**WHAT IS NEEDED**
Any picture in the data below gets skipped; print all the rest exactly.

**GIVEN INFORMATION**
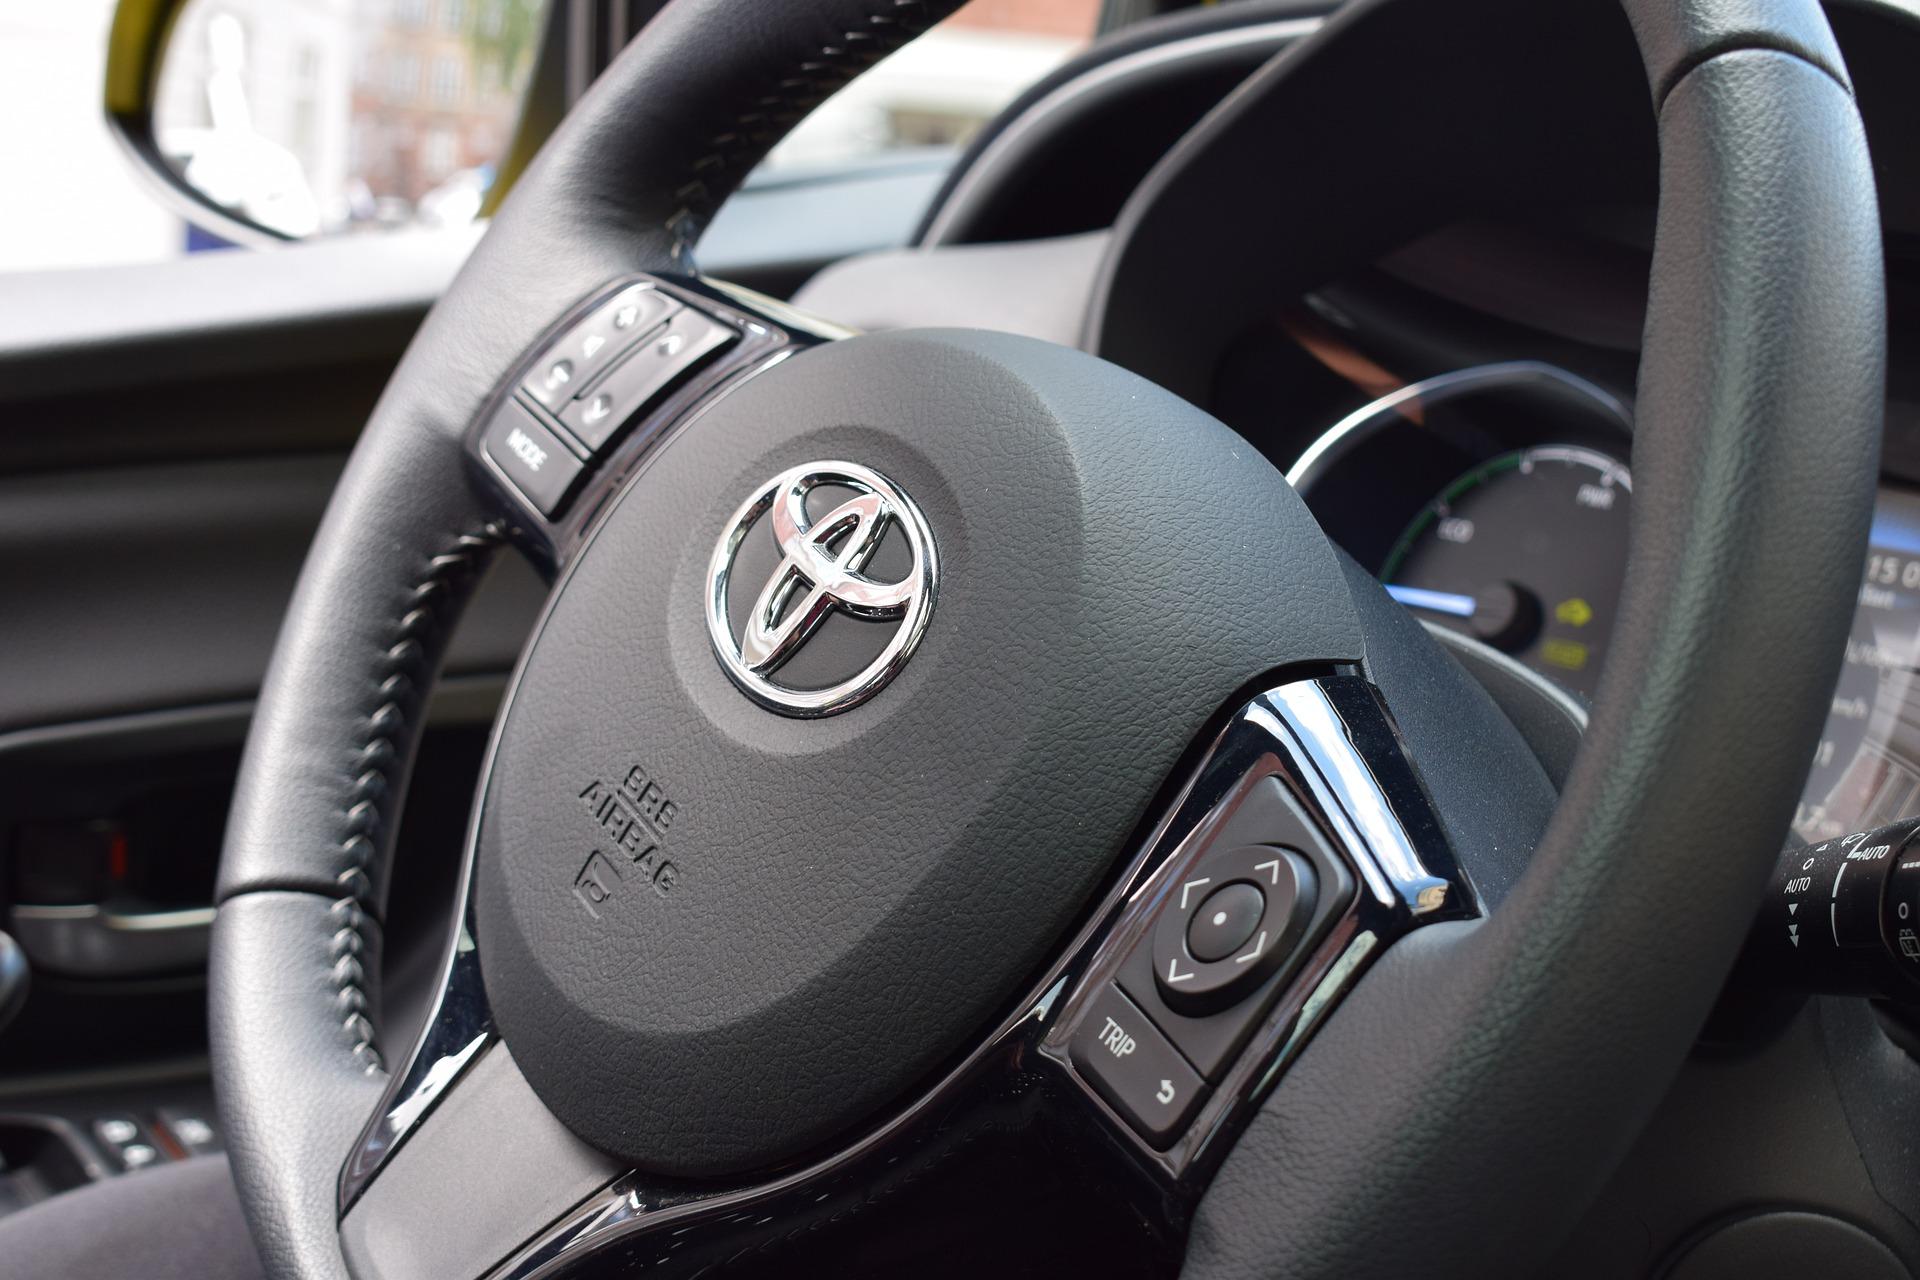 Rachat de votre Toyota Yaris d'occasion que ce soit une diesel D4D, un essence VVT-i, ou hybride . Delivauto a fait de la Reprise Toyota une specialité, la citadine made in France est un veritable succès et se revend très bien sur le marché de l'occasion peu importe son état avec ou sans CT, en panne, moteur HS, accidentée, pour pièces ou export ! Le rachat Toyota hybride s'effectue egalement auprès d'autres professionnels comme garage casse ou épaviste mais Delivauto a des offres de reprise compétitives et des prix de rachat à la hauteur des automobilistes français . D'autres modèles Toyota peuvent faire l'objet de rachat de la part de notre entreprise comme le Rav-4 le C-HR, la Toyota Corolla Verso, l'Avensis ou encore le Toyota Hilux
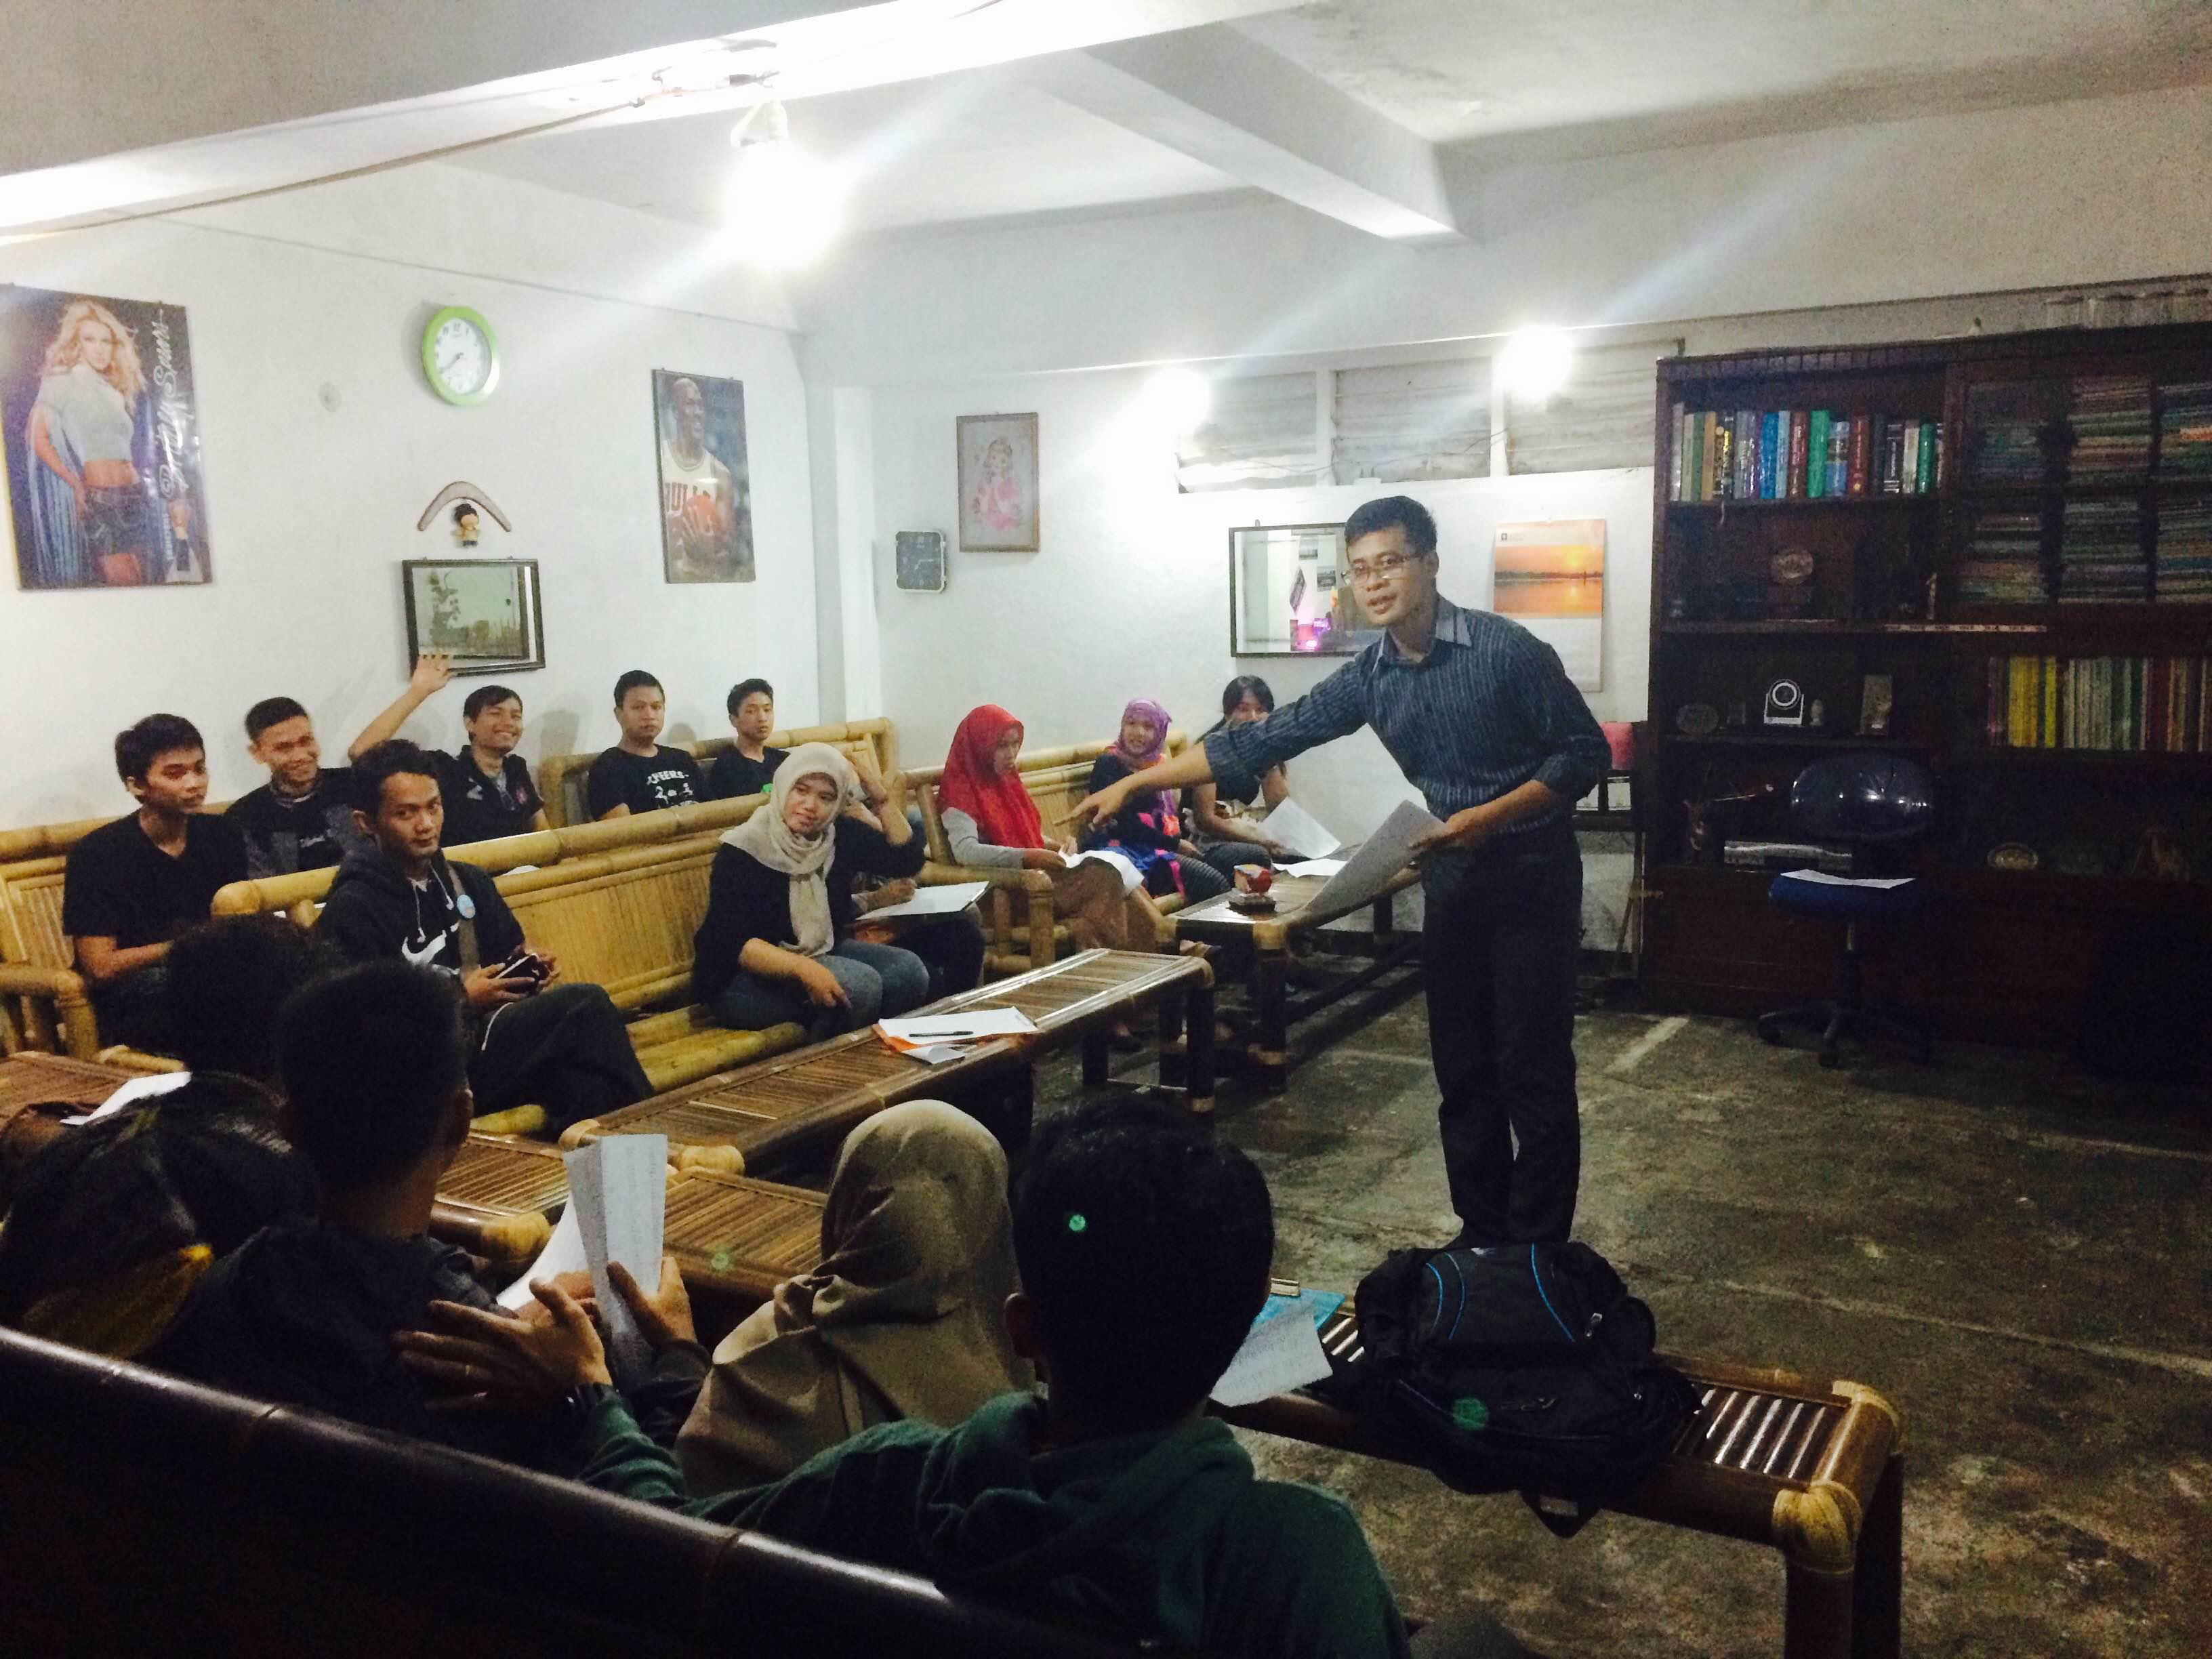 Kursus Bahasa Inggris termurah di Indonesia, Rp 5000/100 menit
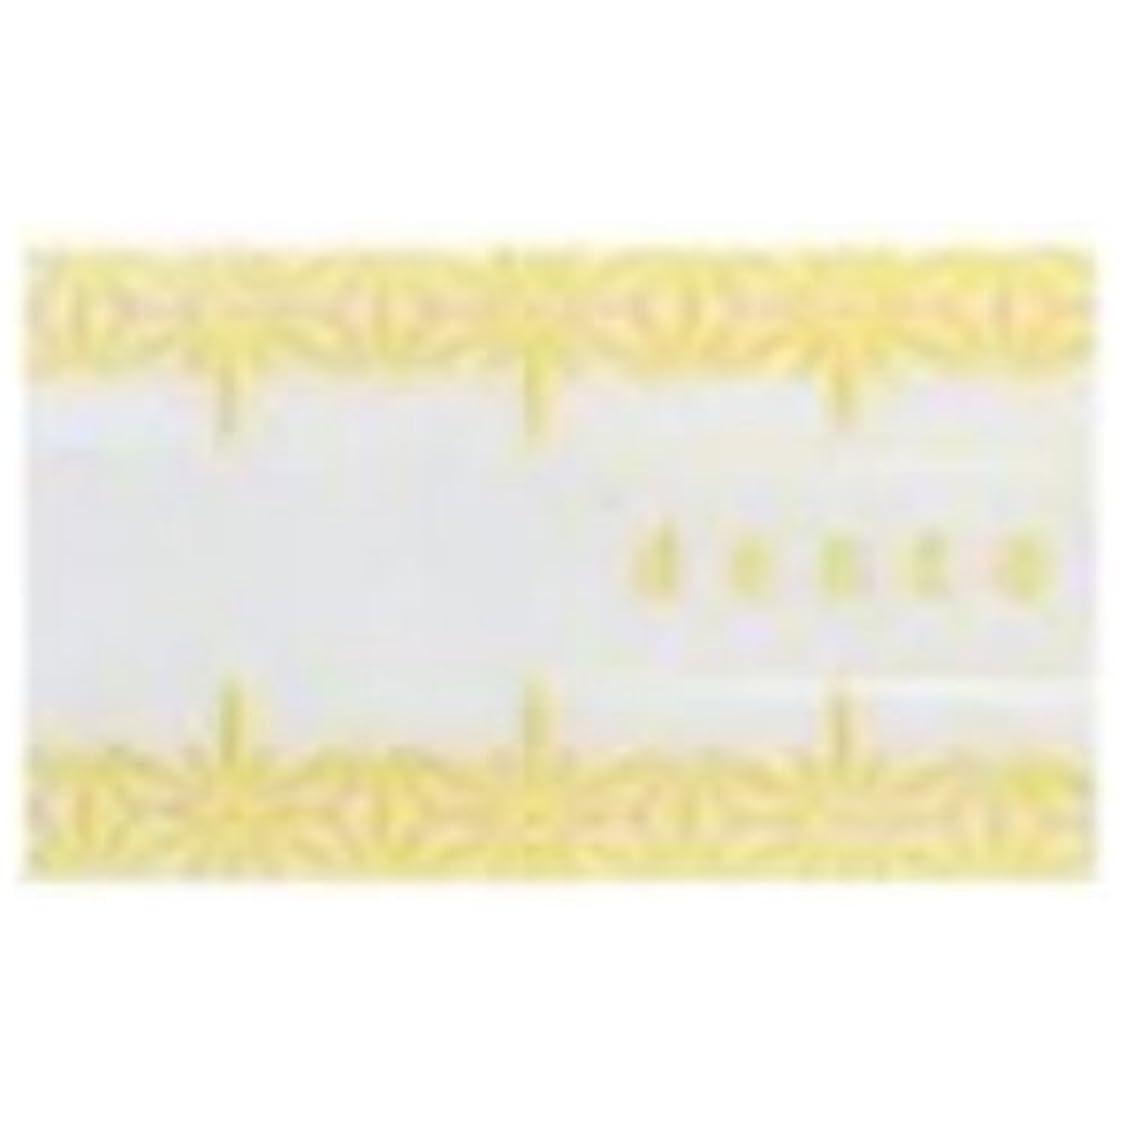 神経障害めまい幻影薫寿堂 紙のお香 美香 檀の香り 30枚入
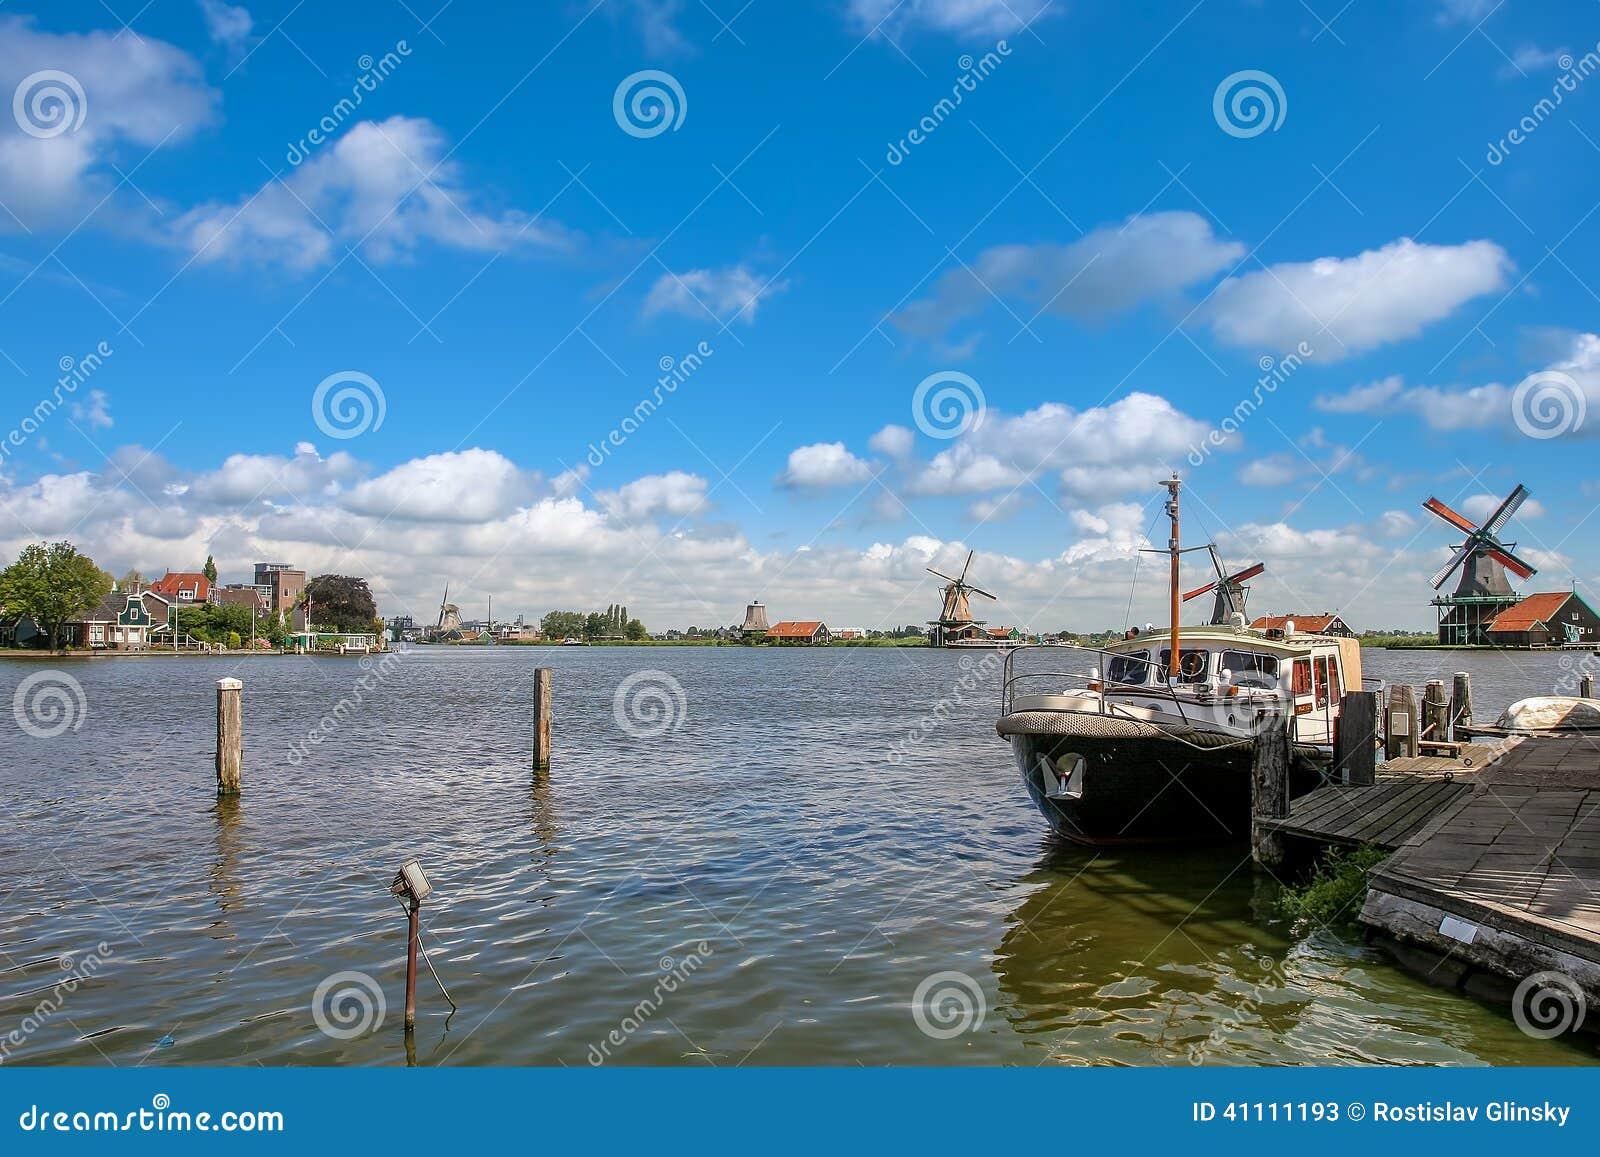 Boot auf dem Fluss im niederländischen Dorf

**RESPONSE AREA**
 Rachat de votre Toyota Yaris d'occasion que ce soit une diesel D4D, un essence VVT-i, ou hybride . Delivauto a fait de la Reprise Toyota une specialité, la citadine made in France est un veritable succès et se revend très bien sur le marché de l'occasion peu importe son état avec ou sans CT, en panne, moteur HS, accidentée, pour pièces ou export ! Le rachat Toyota hybride s'effectue egalement auprès d'autres professionnels comme garage casse ou épaviste mais Delivauto a des offres de reprise compétitives et des prix de rachat à la hauteur des automobilistes français . D'autres modèles Toyota peuvent faire l'objet de rachat de la part de notre entreprise comme le Rav-4 le C-HR, la Toyota Corolla Verso, l'Avensis ou encore le Toyota Hilux
 Kursus Bahasa Inggris termurah di Indonesia, Rp 5000/100 menit
 神経障害めまい幻影薫寿堂 紙のお香 美香 檀の香り 30枚入
 Boot auf dem Fluss im niederländischen Dorf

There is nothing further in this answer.